Yesterday, word came out that the expected purchase of Crozer Health System to ChristianaCare had fallen through. WHYY has more on the story here. The news is not good. After years of turmoil, Christiana was hoped to provide stability to the floundering health care system in DelCo.
Chester Hospital (later Chester-Crozer) has served as this area’s main hospital since 1893. Over the years it merged and parted with other hospitals to form a network of hospitals serving DelCo. Currently, Prospect Medical Holding currently owns four hospitals in the area – Chester-Crozer, Springfield, Delaware County Memorial and Taylor Hospitals.
In recent years, Crozer has faced a lot of challenges – mostly self-inflicted. Several of those challenges are detailed in DelCo Times articles like this one. Nurses have routinely protested insufficient staffing in hospitals – putting patients in danger. The system has recently threatened to withdraw several services to the community,
On June 19, the Crisis Center at Crozer-Chester Medical Center would close, as well as all mental health and substance abuse services at Community Hospital, including school-based services, intake, assessment and referral, case management, and psychiatric rehabilitation.
The system already targeted Delaware County Memorial Hospital to have its intensive care unit and surgery unit closed by May 31. It had closed the hospital’s inpatient obstetrics unit in January. That same month, emergency department, pathology, lab and medical imaging services at Springfield Hospital were suspended and the inpatient hospice unit at Taylor Hospital in Ridley Park was closed.
Ambulance services have been under threat as well as Crozer shakes down communities for cash. These closures are a threat to the safety of our community. And while Crozer often points the finger at the pandemic, this story is more about the looting of America’s for-profit medical system. WHYY wrote a story earlier this year detailing what happened in 2019,
That deal was made between Prospect’s previous owner, a private equity firm called Leonard Green & Partners, according to ProPublica. The firm siphoned $645 million from Prospect before announcing a deal to sell it in October 2019. The ProPublica report details how the transaction would hobble Prospect with $1.3 billion in lease obligations. This is after the company sold most of the hospital land to a real estate investment firm.
Leonard Green & Partners, which owned about 60% of the hospital chain, wanted to pass along its share to Prospect CEO Sam Lee and his associate, David Topper, for $12 million. This would give them 100% ownership control over Prospect.

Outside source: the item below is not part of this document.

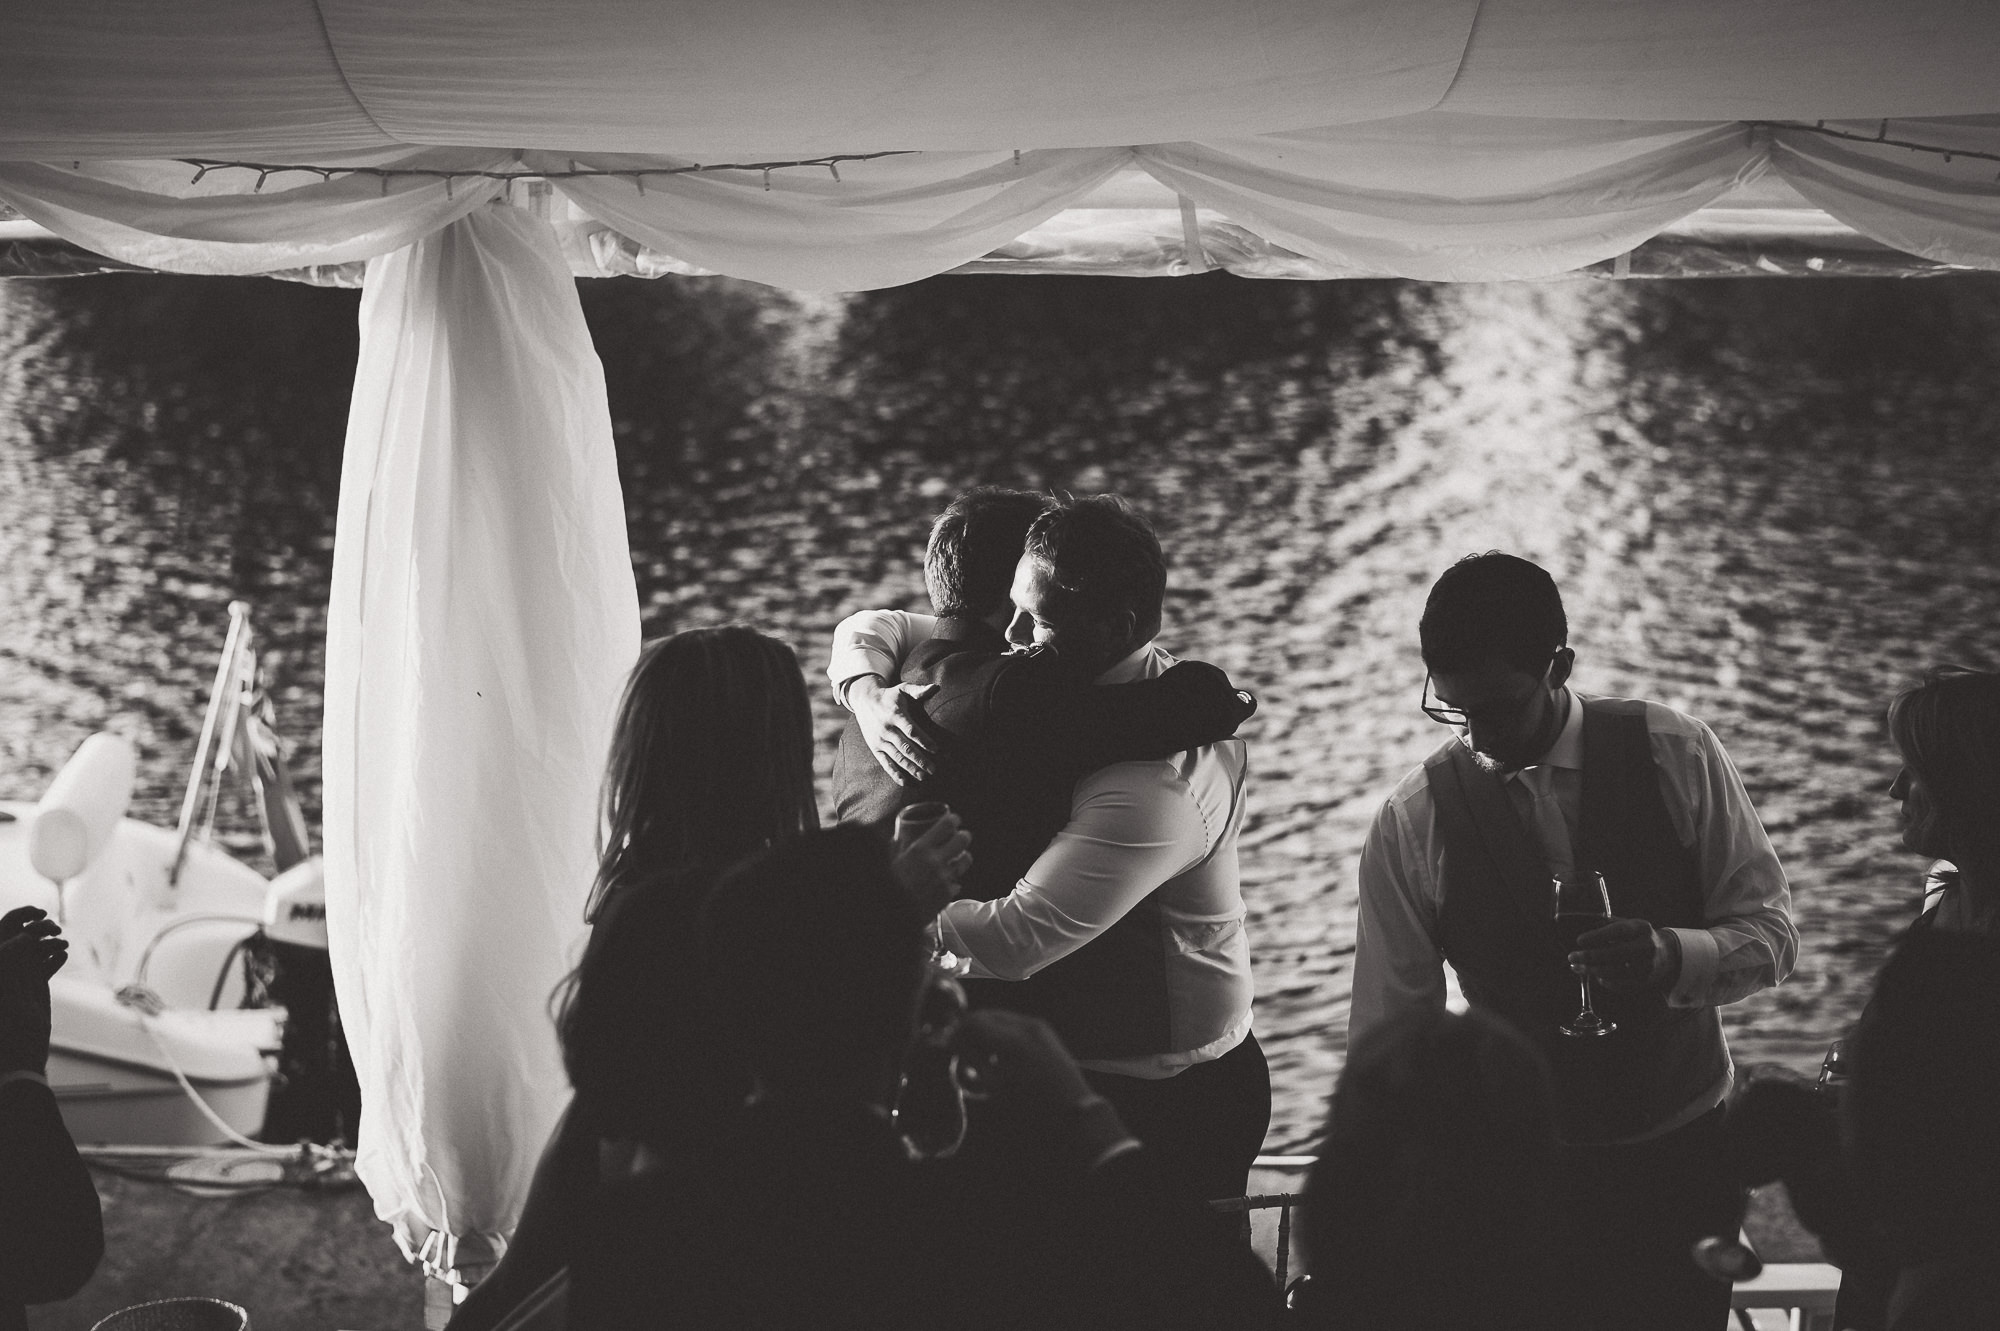 A wedding photo of a bride and groom hugging in front of a tent.

The catch? The $12 million bill was footed by Prospect, and not the two executives — a deal that some believed was sure to leave hospitals owned by Prospect in dire financial straits.

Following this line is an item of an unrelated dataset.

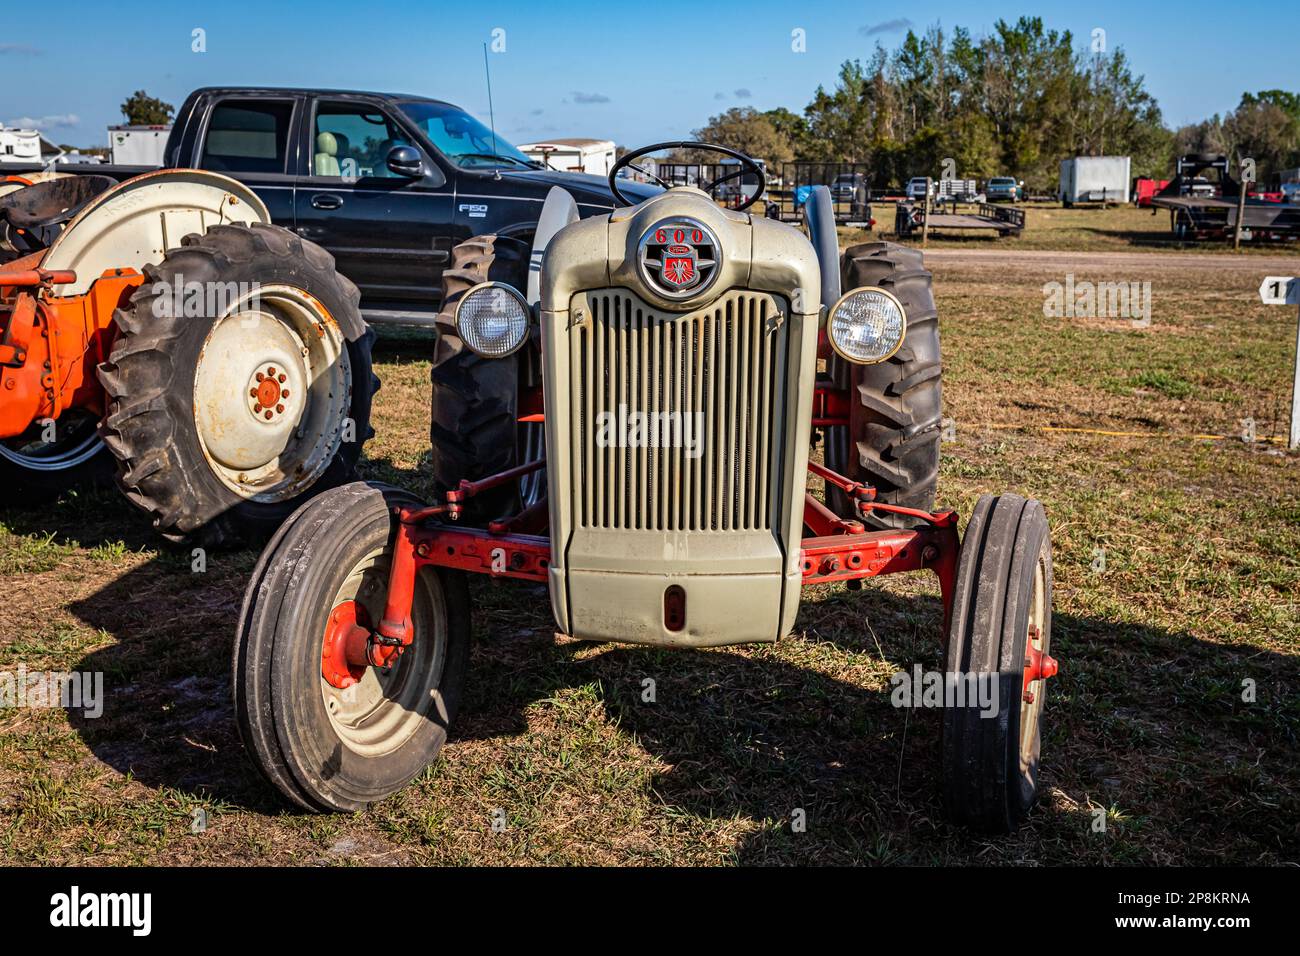 Fort Meade, FL - February 26, 2022: High perspective front view of a 1957 Ford Model 660 Tractor at a local tractor show. Stock Photo

Crozer’s ongoing financial struggles and the collapse of the Christiana deal both connect to the removal of vast sums of money from the system by a private equity firm, leaving it saddled with debt and lease contracts after flogging its assets. Now that they’ve looted the system, Prospect claims its trying to turn what remains of the system into a non-profit. Our elected officials at every level from local to federal need support to take more aggressive action before our community is left without sufficient medical services. Ideally the United States would finally join the rest of the wealthy world and provide state-run health care for all its residents, but as that’s some time away, at a minimum they should act to ensure private equity funds can’t raid our medical system and run off with the money.
One last note: Bryn Mawr, Paoli and Riddle hospitals are owned by the non-profit Main Line Health system. But that system is unlikely to have the capacity to serve the entire county.